> **WORK TASK**: Nothing outside the range is wanted. Repeat exactly the lines below from the one with "АВТОДОМ Ducati представил" through the one with "DAB/DAB Plus/FM Radio, Klein".

> **DATASET RECORDS**:
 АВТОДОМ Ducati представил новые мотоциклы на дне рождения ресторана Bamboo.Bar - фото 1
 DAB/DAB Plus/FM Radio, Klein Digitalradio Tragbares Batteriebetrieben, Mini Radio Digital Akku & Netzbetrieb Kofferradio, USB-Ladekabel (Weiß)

==

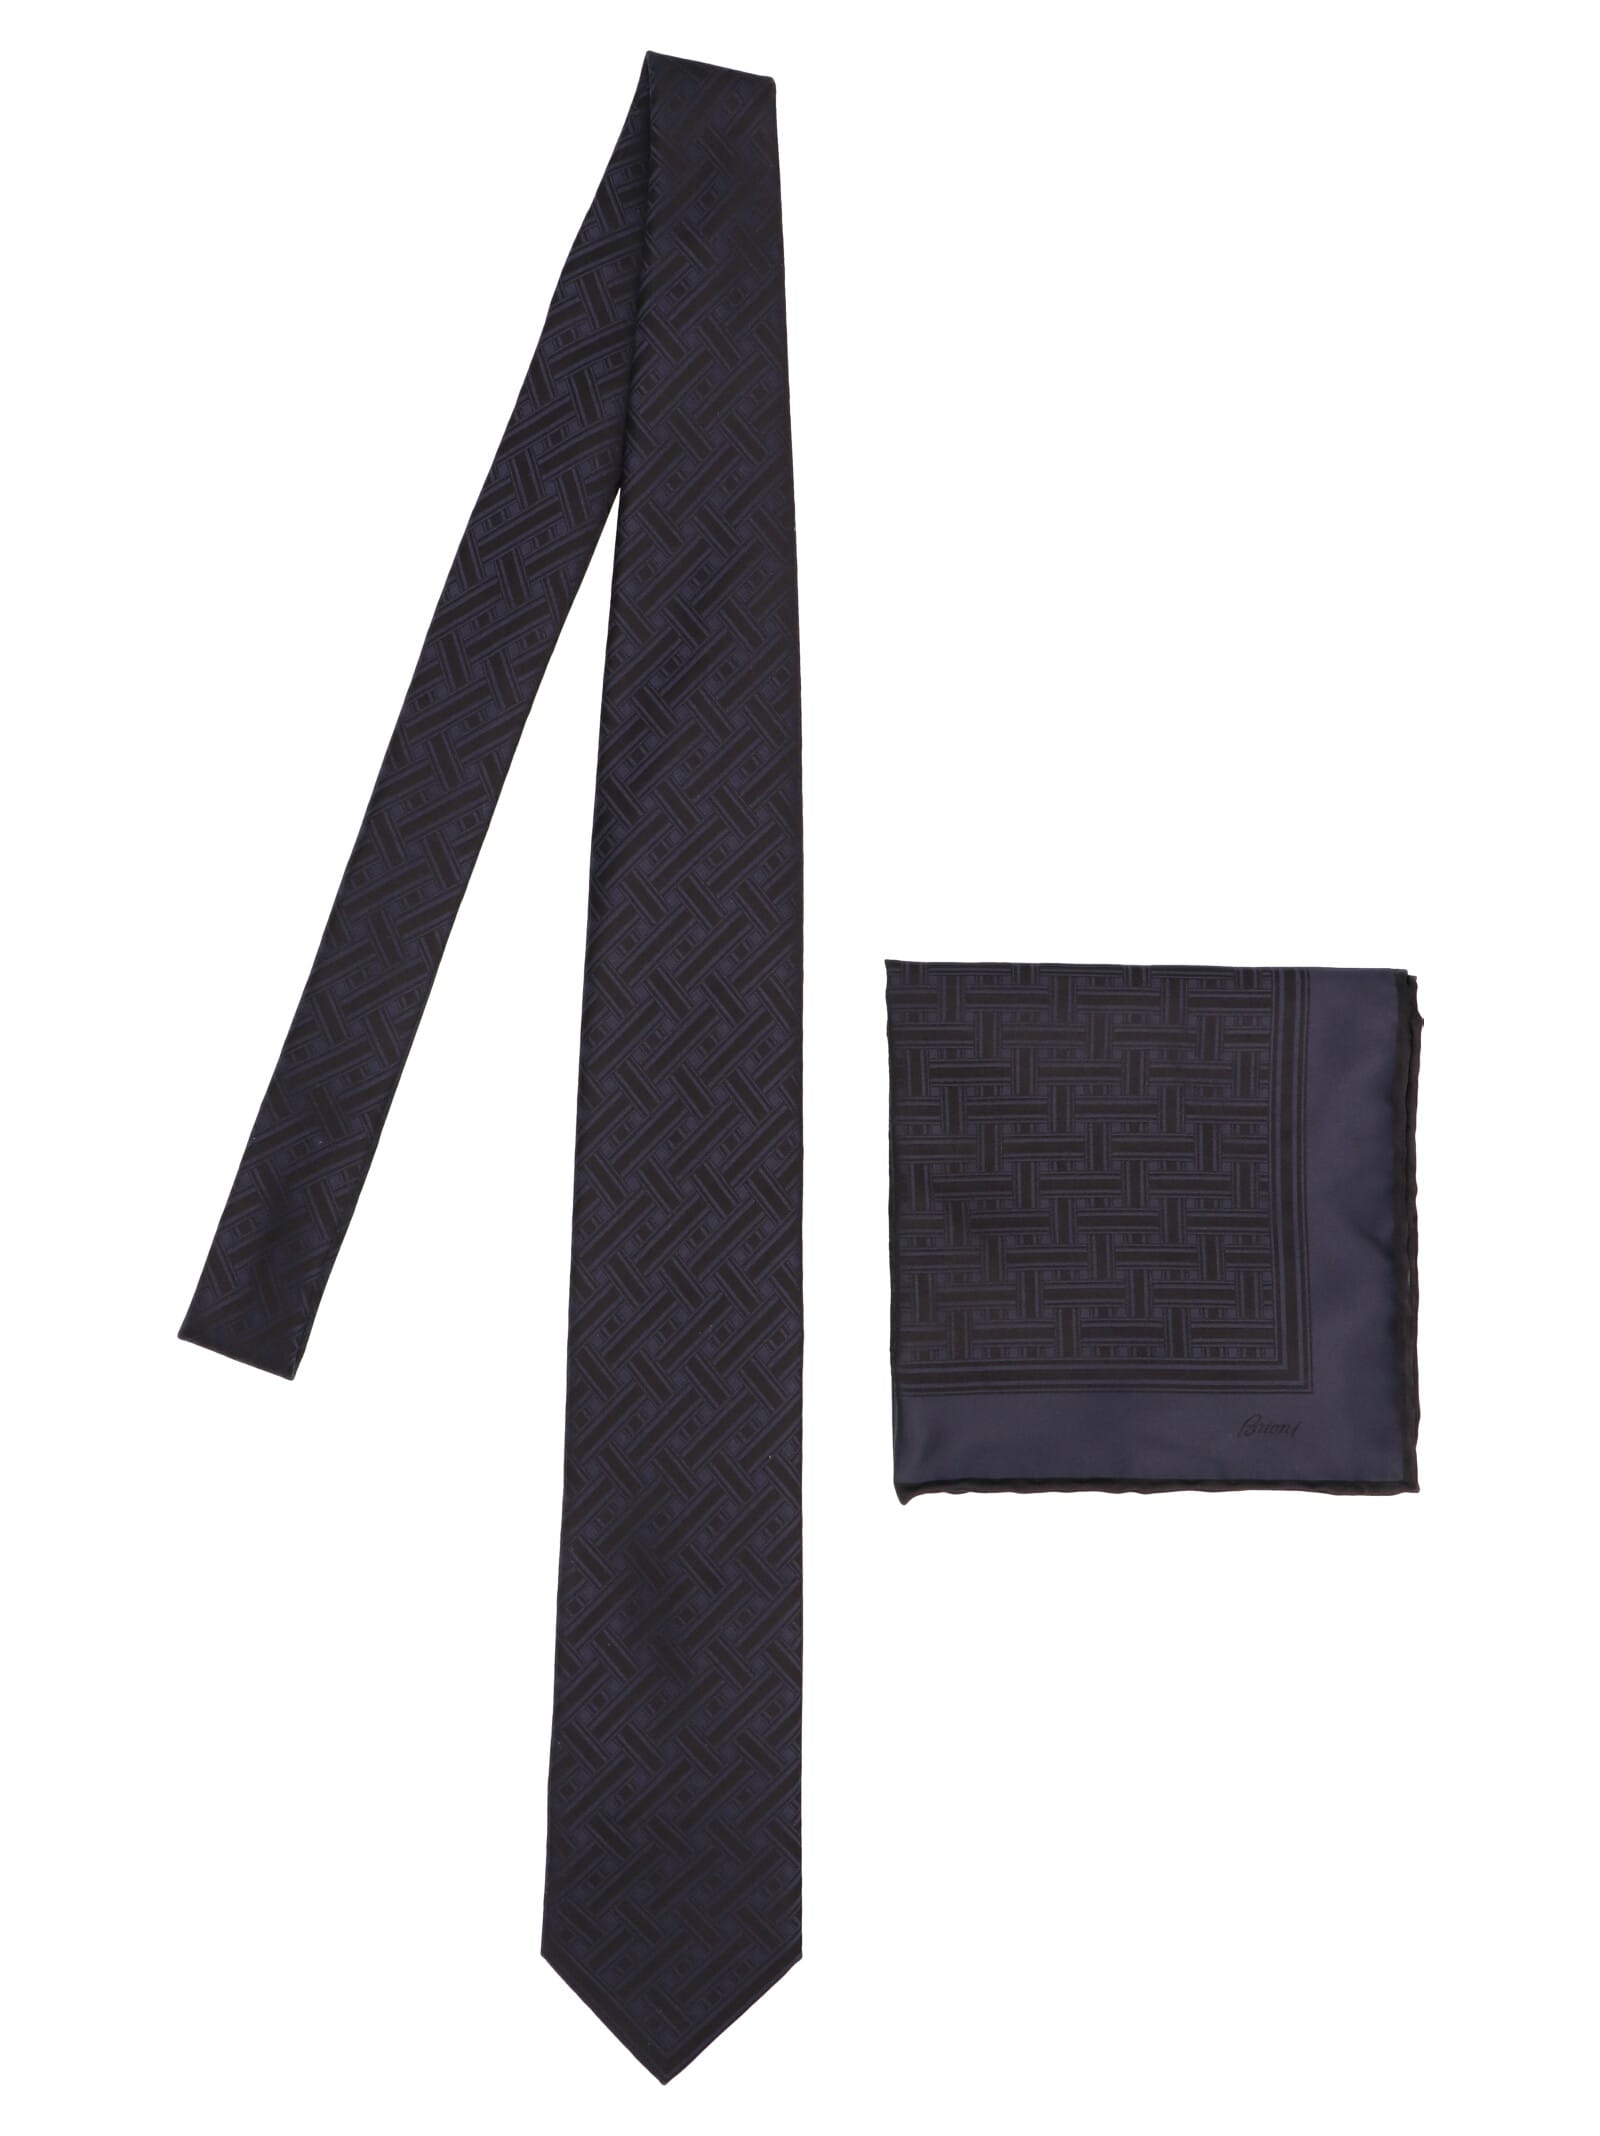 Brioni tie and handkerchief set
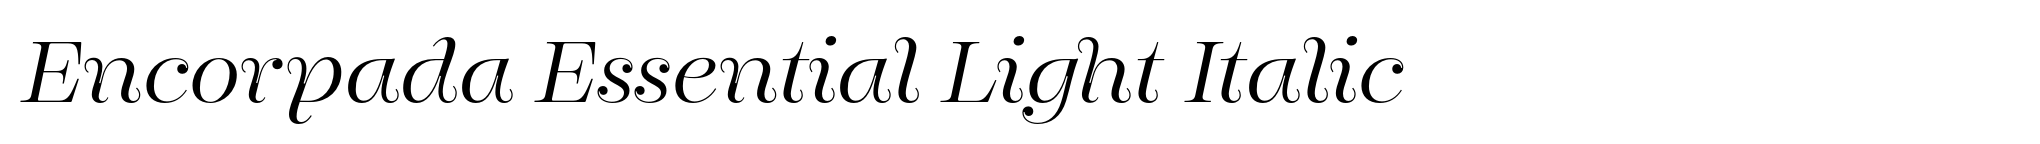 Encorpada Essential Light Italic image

---

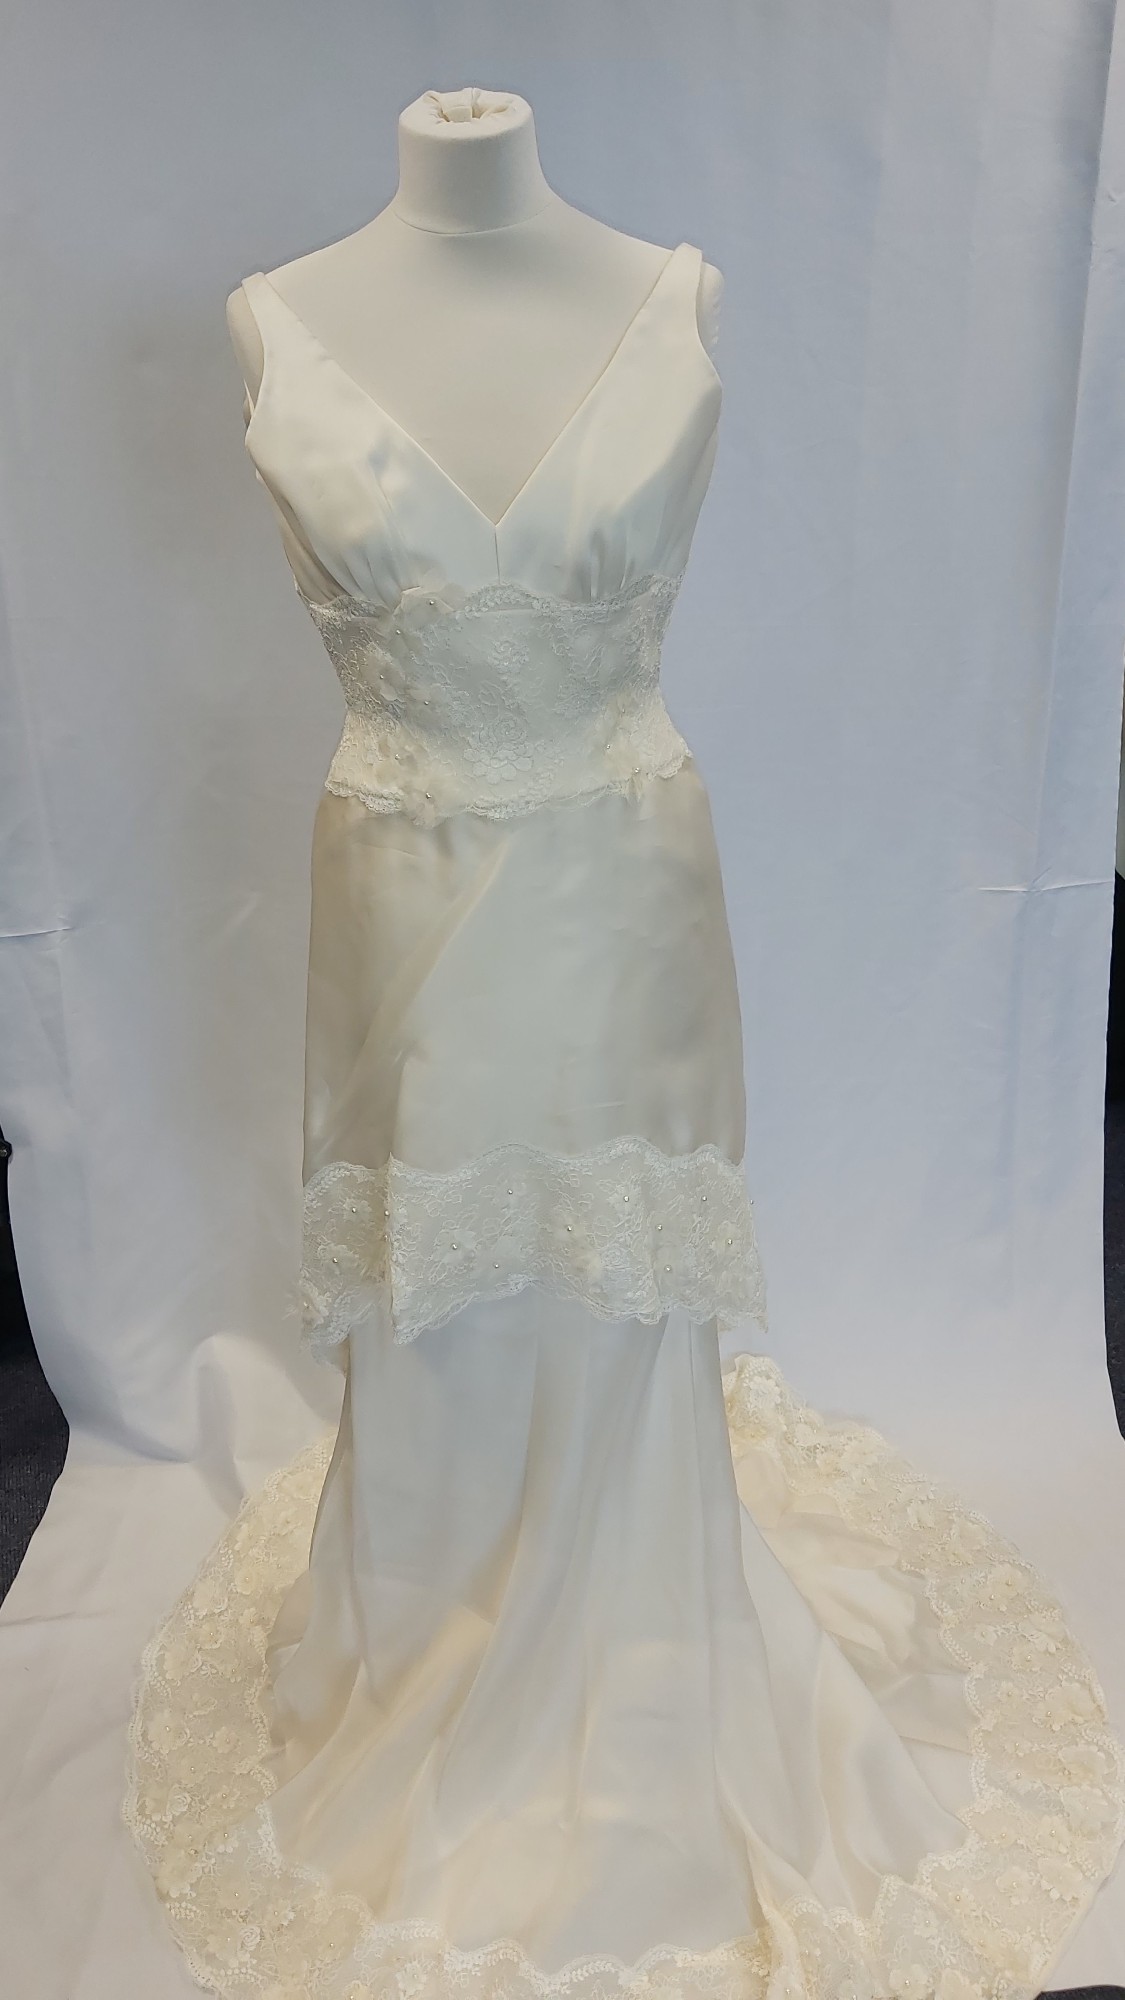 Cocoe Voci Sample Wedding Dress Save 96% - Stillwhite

> **SOLUTION**:
 АВТОДОМ Ducati представил новые мотоциклы на дне рождения ресторана Bamboo.Bar - фото 1
 DAB/DAB Plus/FM Radio, Klein Digitalradio Tragbares Batteriebetrieben, Mini Radio Digital Akku & Netzbetrieb Kofferradio, USB-Ladekabel (Weiß)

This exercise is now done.